FIG. 101.—Vegetational factor consisting of oaks and grasses (Coast Range, California).
In certain parts of the limestone regions of the Alps, slightly weathered rock has a cover of basophilous Dryas octopetala, whereas adjacent acid soil derived from the same material as a result of
intensive leaching supports acidophilous Carex curvula. Since the seeds of both species have access to both kinds of soil, the biotic factor is the same for both soils, namely, Dryas plus Carex. In this instance, the differentiation in the actual vegetational cover is brought about by the factor time or the degree of maturity. Ultimately, the slightly weathered material will be converted into a strongly acid soil with a simultaneous displacement of Dryas octopetala by Carex curvula (compare page 216).
Proceeding to more general cases, we may enunciate the following ecologic principle: If in any region the plant species or plant communities are dependent variables, their distribution being a function of one or of several soil-forming factors, the biotic factor may be obtained, as a first approximation, by enumerating all plant species growing within the area.
A more detailed discussion of the dependent and independent nature of vegetation will be presented in succeeding sections.
Animals.—A similar line of thought may be applied to the influence of animals in soil formation. Because of lack of sufficient observational data covering wide areas, the discussion of animal life is omitted in this treatise.

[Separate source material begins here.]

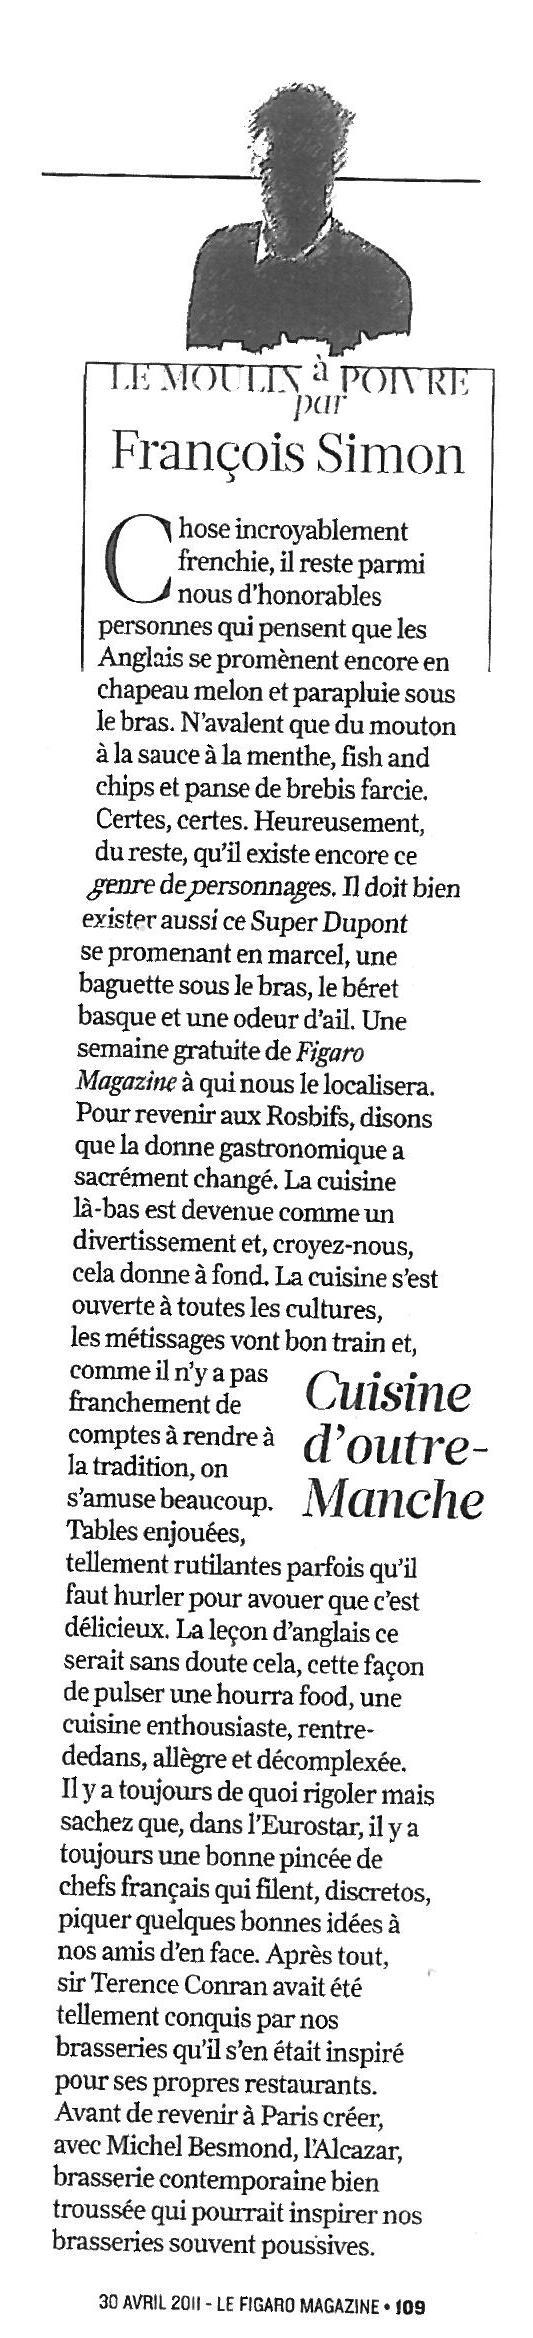 La Presse en parle – François Simon – le Figaro Magazine – 30 avril 2011

Man.—Like vegetation, man may appear in the role of a dependent as well as an independent variable. With respect to man's dependency on soil-forming factors, some scientists (43) go so far as to attribute the origin of different human races to the influence of soil and climate. Hilgard and especially Ramann (47) have emphasized the relationships between social structures and soils, as indicated by despotic governments found in ancient irrigation areas and the more democratic institutions developed on soils of humid regions.
Huntington stresses the importance of weather on health and efficiency of human beings and traces the rise and fall of certain civilizations to climatic changes. Abbott (1) calls attention to widespread nutritional anemia among children who live on home- grown food from poor soil that is deficient in iron. Medical science in general knows countless examples of correlations between pathology of man and environment.
A considerable number of human influences on soil appear to stand in no direct relationship to soil-forming factors. Lands in all parts of the world are plowed and are subjected to numerous cultural treatments. Stable manure is added to the soil wherever cattle are raised. Crops are harvested universally. Deforestation occurs on all continents, and burning is practiced whenever needs arise. In all these enterprises, man acts, as far as the soil is concerned, as an
independent variable or soil-forming factor. Some of the consequences will be discussed in subsequent sections.